Currently, the most popular solution is to write your own memory management functions on the memory allocation functions provided by the system. Rewrite malloc and free in the C language to track the distribution and usage of each memory. In C ++, the overload operators new and delete. by providing your own library, you can easily detect memory leakage. by allocating a large enough memory from the operating system at the beginning of the program, memory management can effectively prevent memory leakage and support object reuse technology, improve the speed and stability of the game. Of course, you can also use some memory leakage detection tools to check memory usage (such as Firefox Memory leakage detection tool or visual leak detector ).
In fact, in game programming, dynamic memory allocation is rarely used, and most of the memory is allocated in advance. Even the linked list or tree data structures are effectively simulated using arrays.
====================================
The following describes some precautions in the code. Among memory-related considerations, memory alignment is the top priority. That is to say, the first address of a piece of memory must be divisible by 2, 4, 8, 16, 32, or 64. Different CPUs have different requirements for this number.

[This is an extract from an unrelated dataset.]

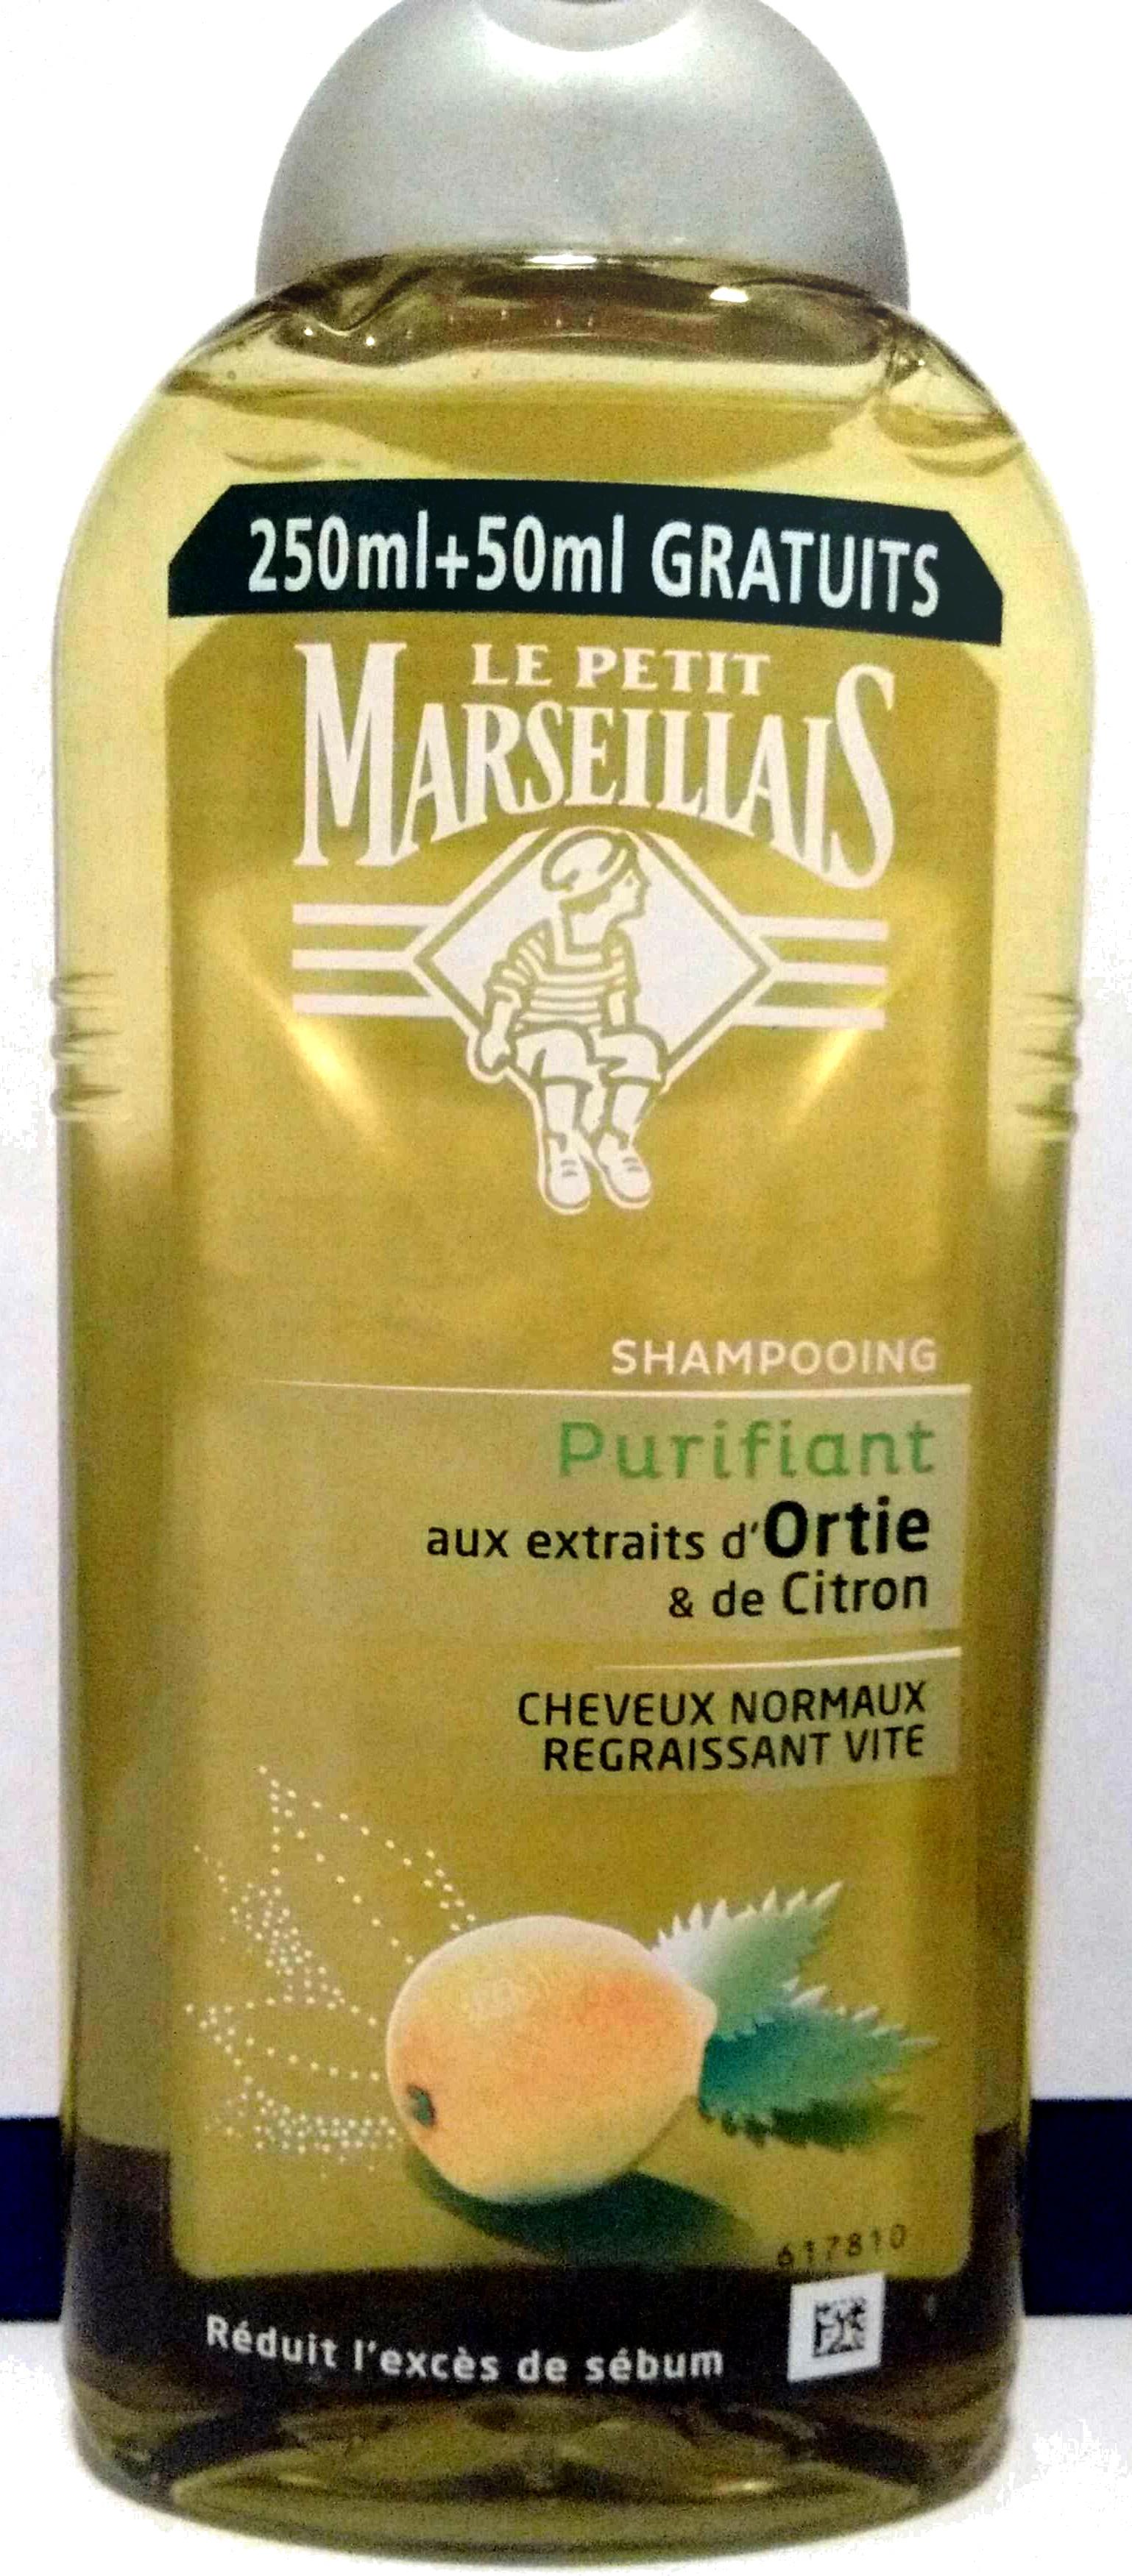 Shampooing Purifiant aux extraits d'Ortie et de Citron - Produit - fr

For intel's latest Pentium dual core series xenon series and the Pentium 4 series in earlier days. We recommend that you use 64 bytes or 128 bytes memory alignment. Because it is used in pentium4 series, when the program requires memory access, a CPU preprocessing module (prefetch) will read the data in the memory to level1 cache in advance, the data volume read each time is 64 bytes (the Pentium xenon series is 128 bytes ). If memory alignment is not performed, for example, an int occupies 4 bytes, the first byte is in the first 64 bytes, and the last three bytes are in the last 64 bytes, therefore, when the CPU reads this int, it needs to take the data one more time from the memory, which will greatly increase the code running time. Let's take a look at the example:
_ Declspec (align (64) int test [128]; // 64-byte align
Int * pint = (int *) (char *) test + 1); // No alignment pointer
Int * pint2 = test; // alignment pointer
Int F1 (void)
{
Int I, K = 0;
For (I = 0; I <16; I ++) K + = pint [I];
Return K;
}
Int F2 (void)
{
Int I, K = 0;
For (I = 0; I <16; I ++) K + = pint2 [I];
Return K;
}
Based on the test results of vtune in the attachment (see Appendix 1), we can see that the running time (clockticks value) of non-64 bytes alignment is almost three times the running time of alignment memory. Therefore, when using dynamic or static memory, it is best to pay attention to the word alignment of the memory. In Visual Studio. NET, you can use _ declspec (align (64) to align static variables, arrays, or structures with memory. For dynamic memory allocation, you can use _ aligned_malloc () and _ aligned_free ().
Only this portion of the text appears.